Further studies have shown that people are likely to turn to conspiracy theories when they are anxious and feel powerless. Other research indicates that conspiracy theory belief is strongly related to lack of sociopolitical control or lack of psychological empowerment.

Among many other reasons, belief in conspiracy theory also appears to be partly predicted by the perception that society is under threat, and that society’s fundamental values are changing. A lack of control over perception of these changes can lead to people to exaggerate the influence that they attribute to their ‘enemies’, and can deepen their belief in conspiracies, provided that the perceivers consider the implicated authorities, or ‘enemies’ as immoral.

Conspiracy theories do not seem to be restricted to specific times or cultures: Citizens around the world are susceptible to them, from modern to traditional societies. The tendency to be suspicious of the possibility that others are forming conspiracies against one and one’s group may well be a fundamental part of human nature.
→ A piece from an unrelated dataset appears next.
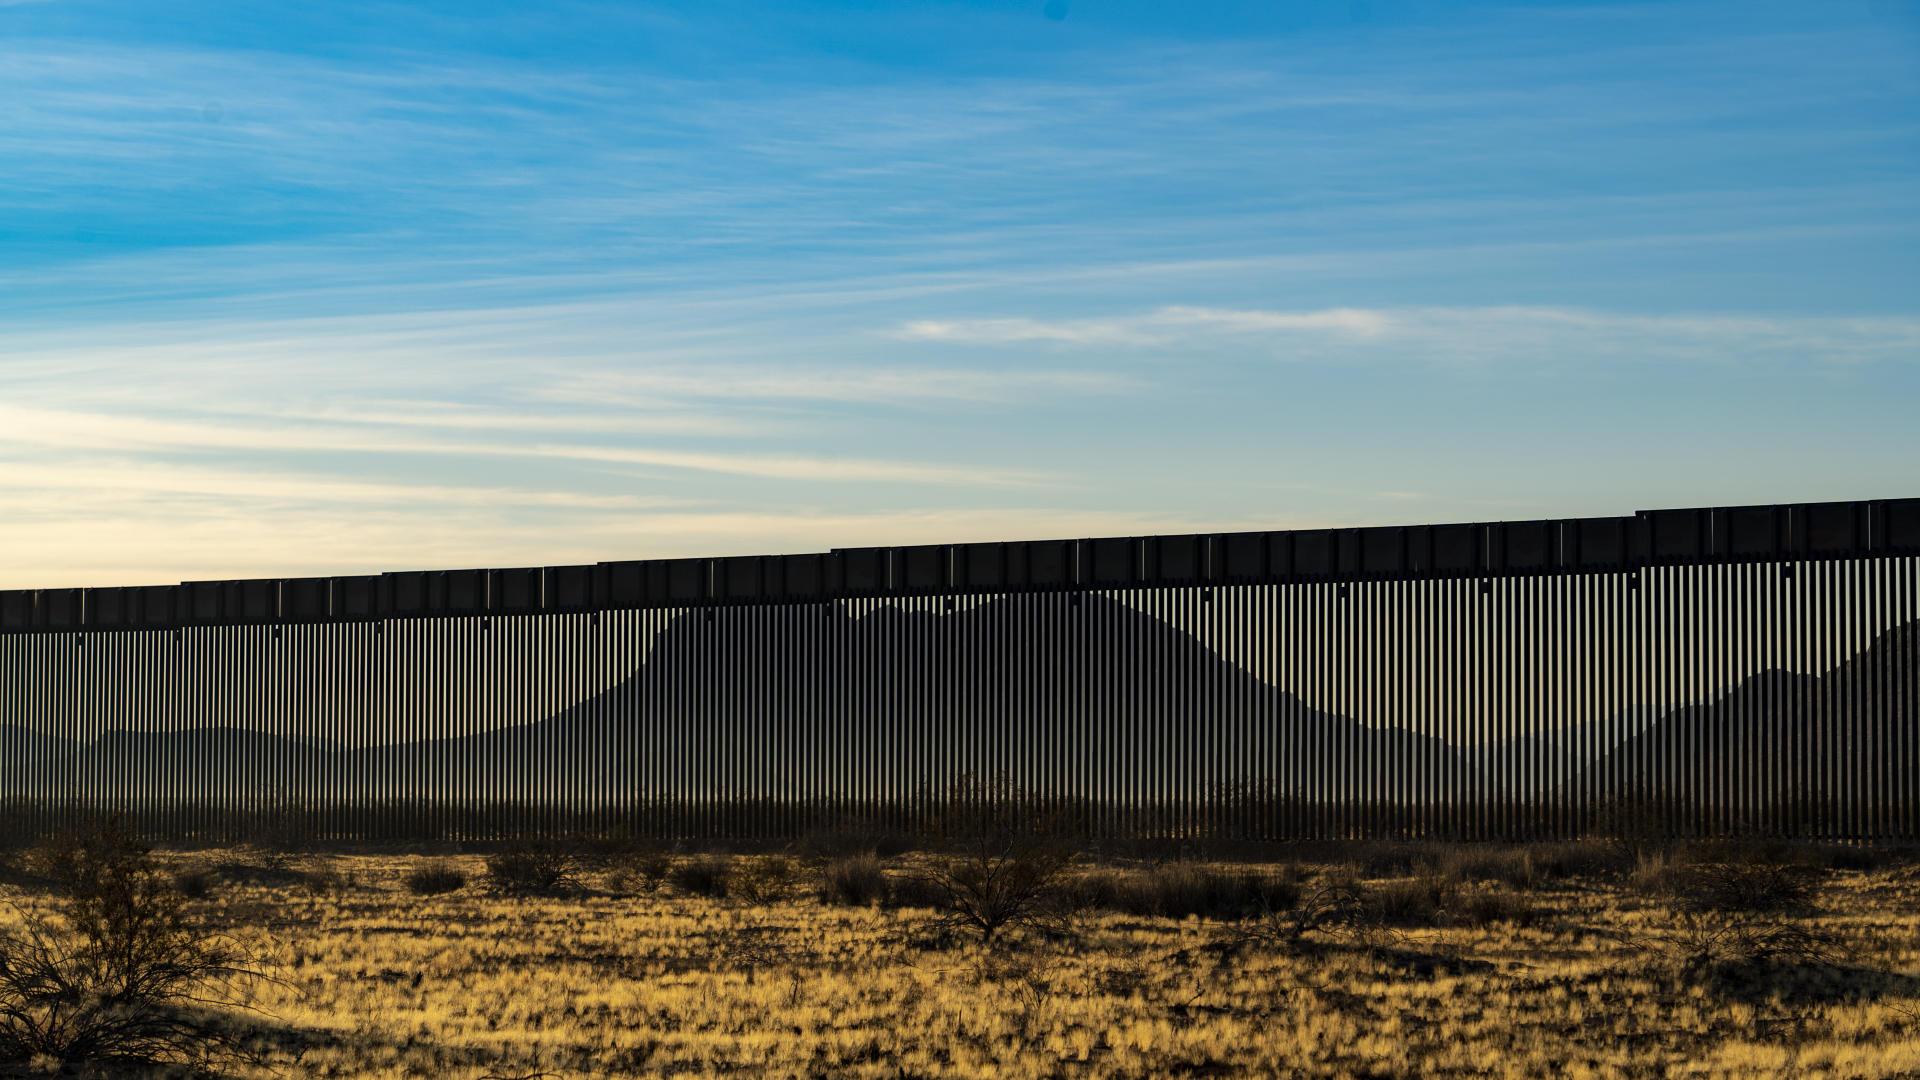 Le mur vu depuis le Cabeza Prieta National Wildlife Refuge – un site de protection de la faune sauvage– , dans le sud-ouest de l'Arizona.

Religious congregations are not exempt from the workings of a particular form of social proof. Devotees who talk about their miraculous transformations, whether legitimate or “planted,” do the job of convincing ambivalent minds into pledging their commitment and their resources to the religious cause.

When trying to counter misinformation goes wrong

Taking a myth-busting approach to countering misinformation and conspiracy theories might seem like a good way to go. Perhaps calling out the myth and then [resenting reality seems like a logical, fact-based way to present corrective information so people can change their behaviour, based on good evidence.

The truth will always win, right?

Unfortunately, this is not how the brain with its inherent cognitive biases paired with social influences works. What is actually seems to do is trigger what has become known as the backfire effect, where the myth ends up becoming more memorable that the fact.In a study evaluating a ‘Myths and Facts’ flyer about flu vaccines, things seemed to go well initially. Immediate after reading the flyer, study participants accurately remembered the facts as facts and myths as myths. But only 30 minutes later, this completely changed, with myths becoming much more likely to be remembered as ‘facts’.

It seems as though merely mentioning the myths actually seems to reinforce them. And then over time – and a shockingly short period of time at that – you forget the context in which you heard the myth. So, even in the context of a myth-debunking flyer, the participant is more likely to be left with just the memory of the myth itself, as fact.

Avoiding the backfire effect

The biggest power lies in pre-bunking rather than debunking – and that’s pre-emptively warning people about the strategies that people are using to speed conspiracy theories, like high-end production values and the use of fake experts.

Check out the Bad News game online for more about this. It’s been proven to be particularly effective because it simulates sites like Twitter, allowing you to build your follower base by implying misinformation techniques like impersonating of delegitimising official accounts by attacking them in different ways, making polarising comments deigned to create partisan divides, or through creating complete conspiracy theories.